– Агапе! – выкрикнула вдова французских дворян по линии отца и чинно сама же поклонилась. Она тоже была гость. И она тоже была Глотов.
И все Глотовы были греки. Лева это сразу понимал про каждого, как только тот занимал часть пространства Левиной спальни.
– Все в сборе? – Грек Дурново осмотрелся вокруг и сообщил: – Начинаем!
Греки встали в круг, второй Глотов подвинул спортивную сумку в центр комнаты, все гости взялись за руки и пошли по кругу вокруг спортивной сумки против часовой стрелки.
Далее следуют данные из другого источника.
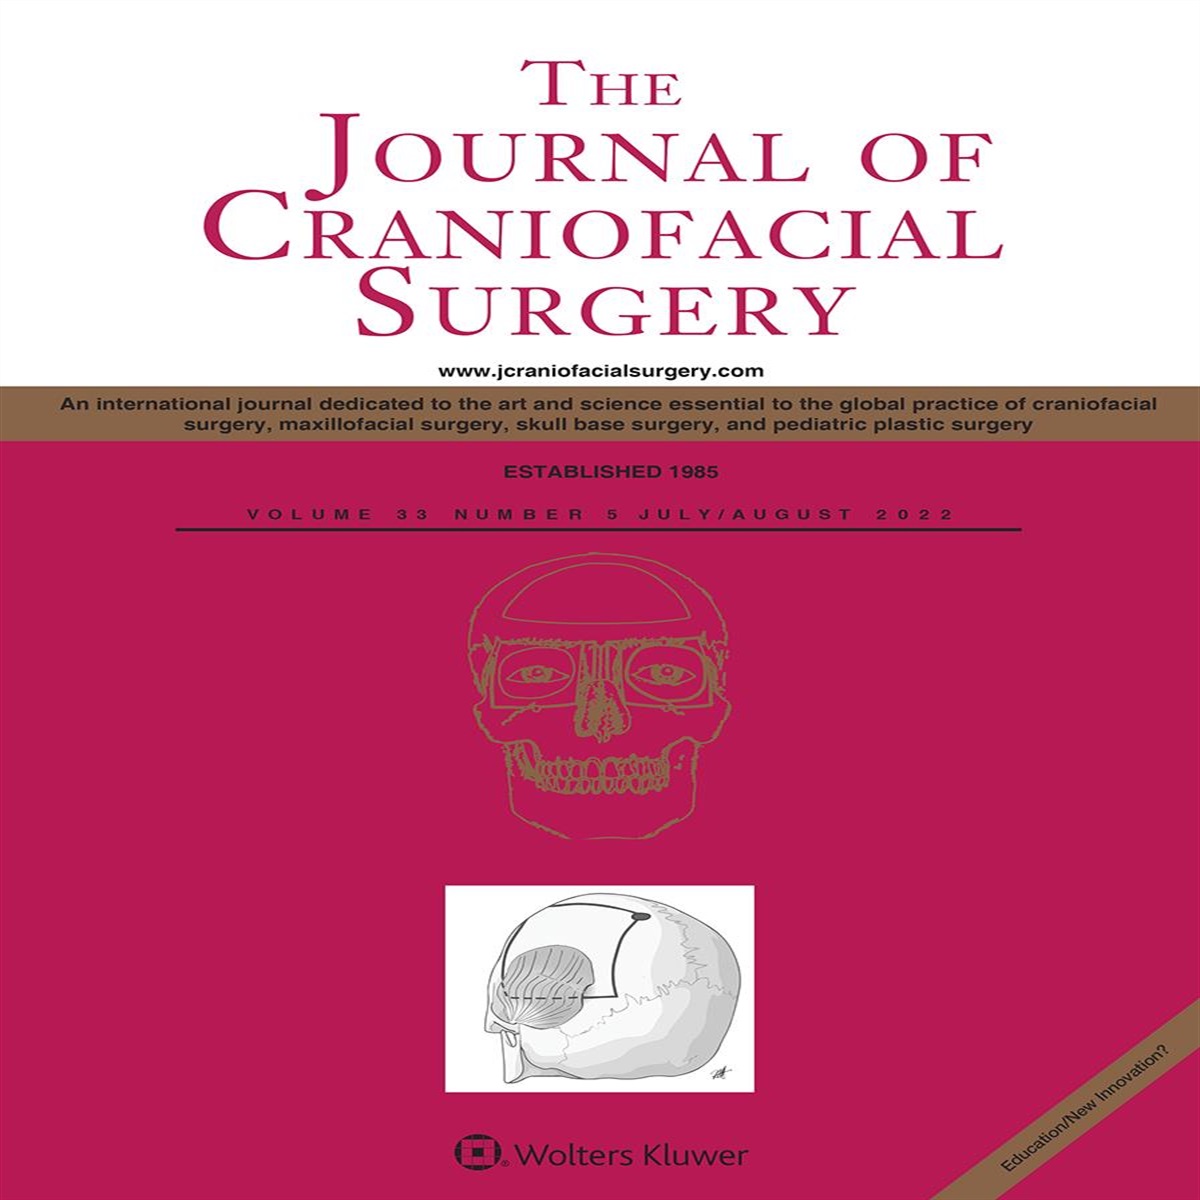 Discussion on: Characteristics and Patterns of Facial Fractures in the Elderly Population in the United States Based on Trauma Quality Improvement Project (TQIP) Data

Грек-мать завела считалку:
– А-кале-мале-дубре… сторге-эрос-агапе. – Считалку Лева признал сразу, но в глотовском исполнении куплетным разнообразием она не отличалась. – Сторге-эрос-агапе…сторге-эрос-агапе…
Хоровод вращался все быстрее и быстрее, причудливые слова выскакивали оттуда в воздух все чаще и чаще, пока вдруг глотовская компания разом не остановилась в середине считалочного танца и одновременно все его участники не выкрикнули, указав рукой в сторону кровати, в которой продолжал пребывать озадаченный подросток:
– Пук!
По всей вероятности, это означало, что – ему водить, Леве. Гости засобирались прятаться, и тут Лева обнаружил, что часть одежды на них изменилась, точнее, отдельные предметы поменялись местами, так же как и частично внешность гостей. На третьем Глотове, эросе, к примеру, уже была надета французская треуголка, и он был слегка небрит. Юностью же и свежей молодой силой повеяло от номера два, сторге, и не только это. Он был в купальнике, но при этом на кончике носа у него болтались массивные роговые очки. Филия теперь носил протез и опирался вместо агапе на костыль. А агапе приобрел больничный халат и редкость волос от сторге…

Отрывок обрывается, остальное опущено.